AGATHON: For our guide from the not so distant future who knows about dive bars and smoking bans, you are oddly out of the loop on Greek sport. Basically, they sell food at the competition. They also charge for people to watch. That leads to money being accrued which is then divided.
VIRGIL: Ahh, I see.
ARISTOPHANES: Hey, is Socrates in there slow-dancing by himself again?
AGATHON: Looks like it.
ARISTOPHANES: We should do something about it. I’ll go check on him.
VIRGIL: Sit down and close the door. They’re playing Cindi Lauper for Zeus’ sake. Socrates can take care of himself. So, back to the topic – these friendlies are really just concocted to make money?
ARISTOPHANES: Well, no, you probably can’t go that far.
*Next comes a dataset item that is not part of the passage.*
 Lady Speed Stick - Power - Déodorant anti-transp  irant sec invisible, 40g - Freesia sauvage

Some athletes used them as a quasi-practice – not quite a warmup, but too half-assed to be a true competition.
AGATHON: I have no problem with athletes earning their livelihood. If folks didn’t pay for plays, we’d all be broke as fuck.
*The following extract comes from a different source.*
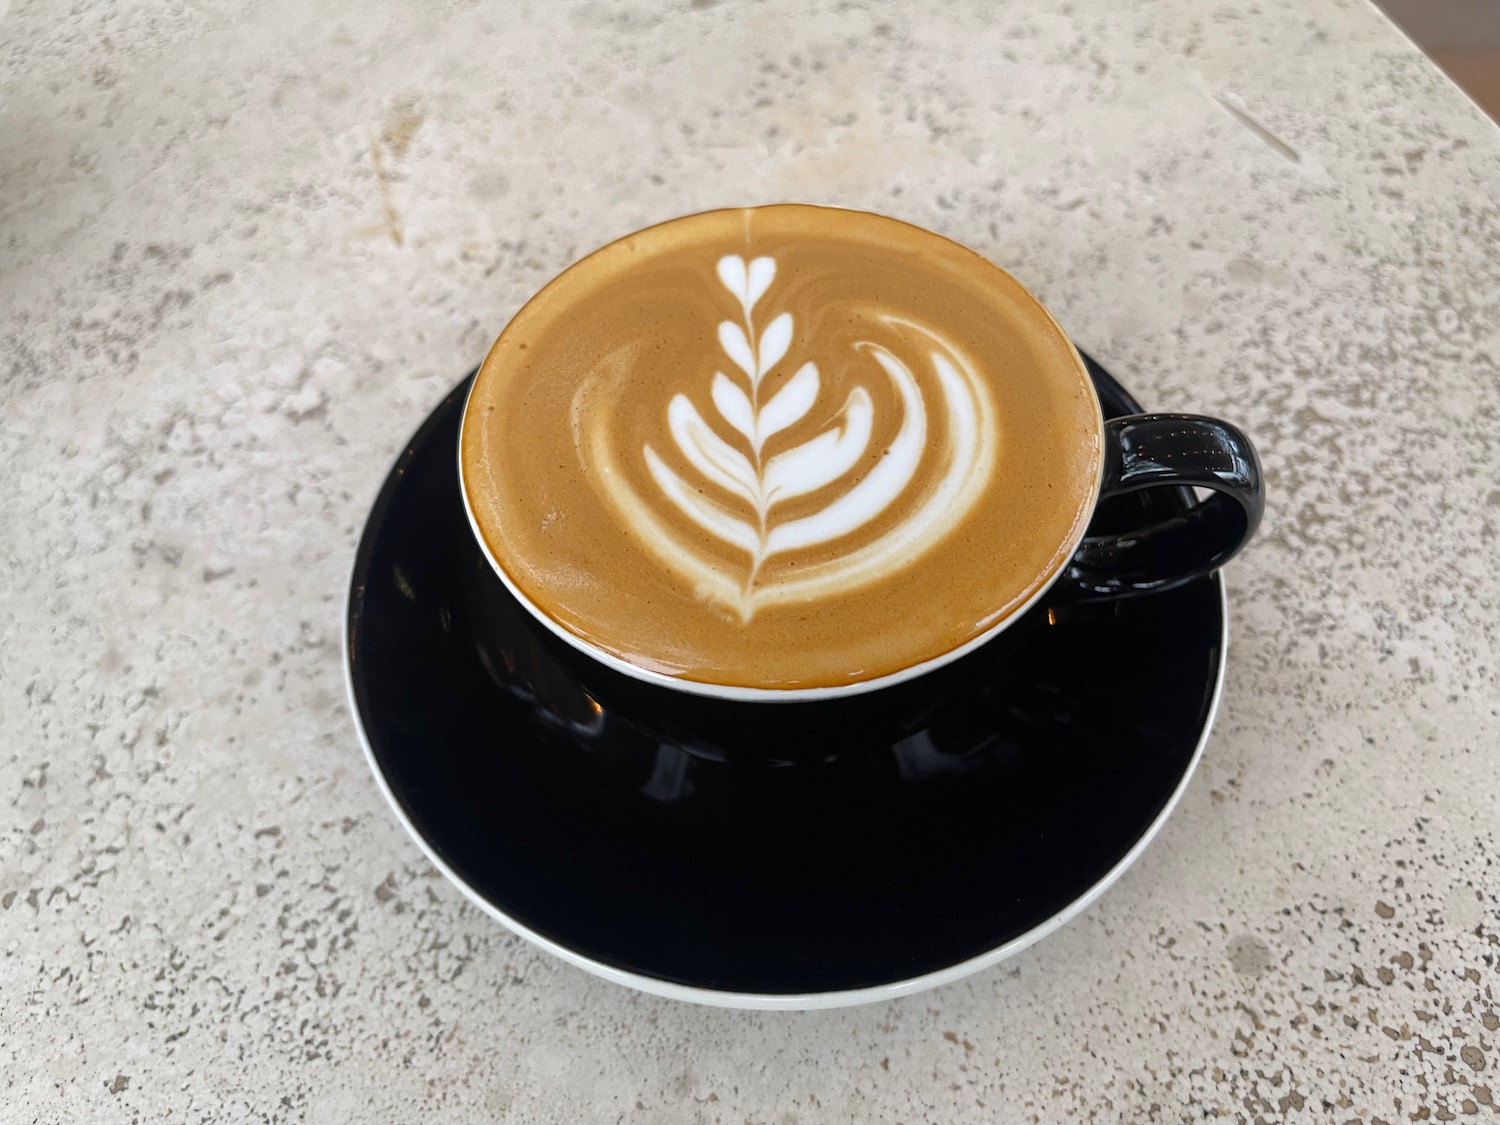 a cup of coffee with a leaf design in the foam

ARISTOPHANES: But did we become artists merely for the exchange of money? Or does that merely allow us to exist and follow our chosen path?
VIRGIL: [Sighs] Here we go again…..
AGATHON: Says the guy sipping on house gin and hasn’t written anything readable since The Wasps….Calm down, sit down Aristo, you know I’m messing with you.
ARISTOPHANES: You poets are all the same, hidden in your offices or whatever and turning out poems to be read by only a few. It’s not my fault plays are my calling and handsomely profitable.
AGATHON: When you put in so much filler like singing choruses and disrespectful depictions of the Gods, how can you not turn a dime?
VIRGIL: Dime? What?
ARISTOPHANES: Hey, guys, Socrates is definitely dry-humping somebody in there right now.
VIRGIL: They’re playing Bon Jovi. Let it slide for now.
AGATHON: As I was saying – the play too directly appeals to the masses, and thus lowers itself to their often prurient and petty gut desires.
VIRGIL: Sit down Aristo. Come on, man.
ARISTOPAHNES: I’m not going to sit here and get shit on. My plays are no worse than friendlies, at least we can agree on that.
VIRGIL: Nobody was comparing your plays with that friendly concept, which sounds at least superficially at odds with the whole “competition” thing.
AGATHON: Sparta and Athens “friendly”, ha.
ARISTOPHANES: Guys, Socrates is definitely passed out, hunched over the bar, and that “bouncer fellow” is prodding him.
VIRGIL: Yeah, okay I’ll go check it out. But I am so not paying his drink tab this time.